Aim of the exercise – One range is to be output from the listing below, exactly as written: the line with "Porträt von Anna" to the line with "men's mint-green shirt", both kept.

Exercise inputs –
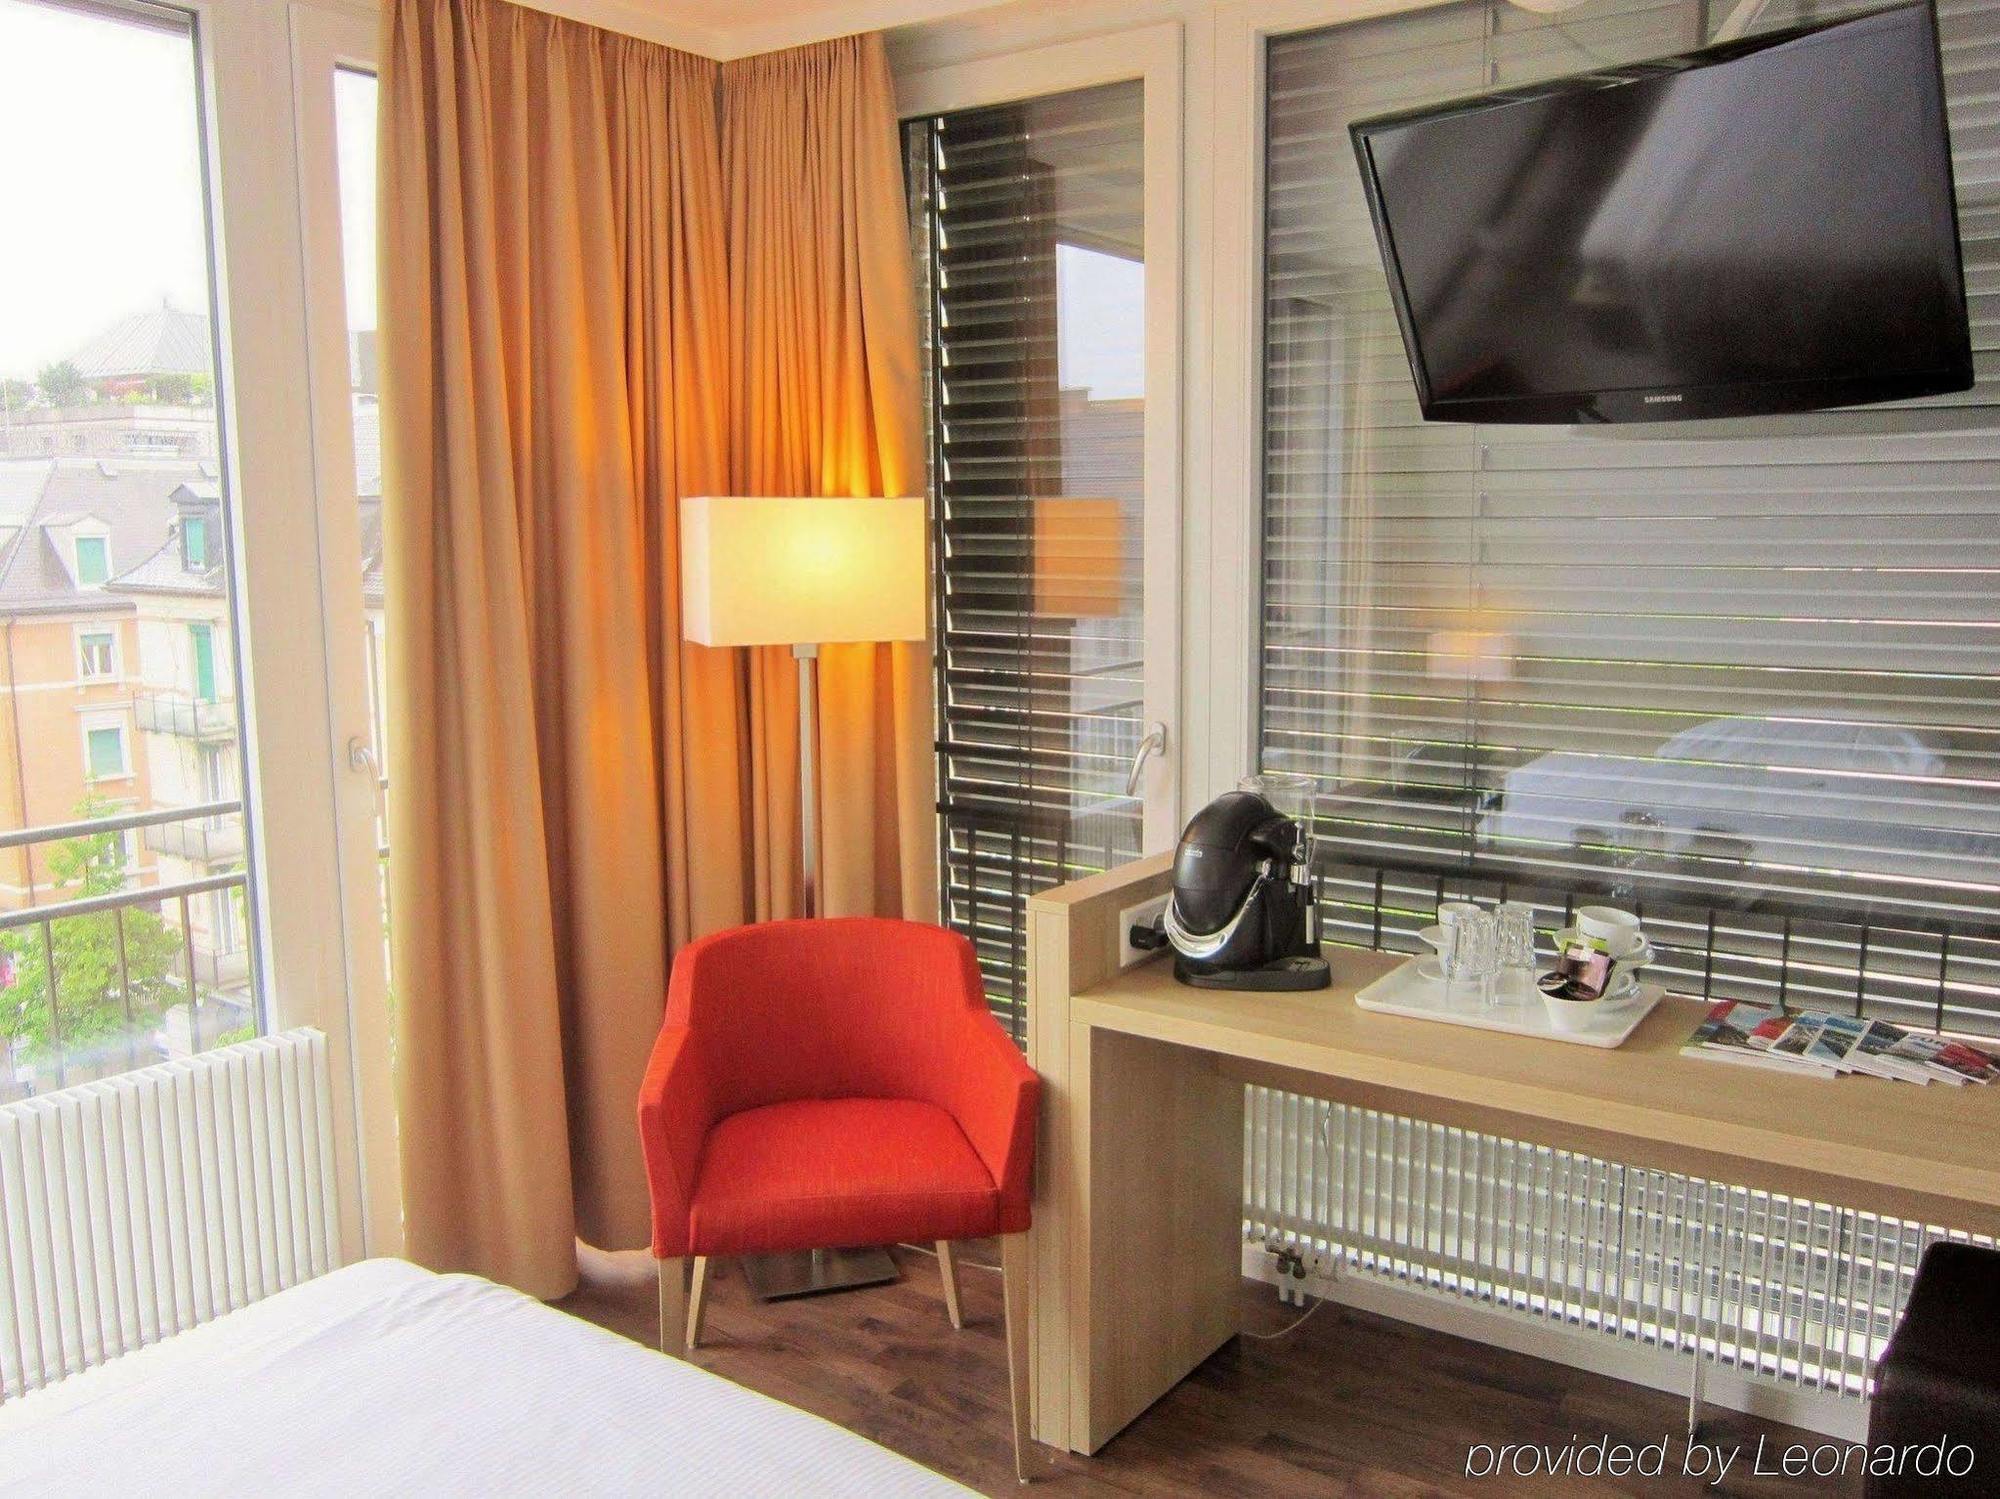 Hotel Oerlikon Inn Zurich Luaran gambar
---
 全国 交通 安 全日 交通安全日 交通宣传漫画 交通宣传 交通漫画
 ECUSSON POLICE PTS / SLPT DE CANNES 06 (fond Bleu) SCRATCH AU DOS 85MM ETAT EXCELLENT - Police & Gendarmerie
...
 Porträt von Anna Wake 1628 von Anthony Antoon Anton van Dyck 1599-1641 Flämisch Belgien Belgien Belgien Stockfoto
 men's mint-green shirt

Solved exercise –
 Porträt von Anna Wake 1628 von Anthony Antoon Anton van Dyck 1599-1641 Flämisch Belgien Belgien Belgien Stockfoto
 men's mint-green shirt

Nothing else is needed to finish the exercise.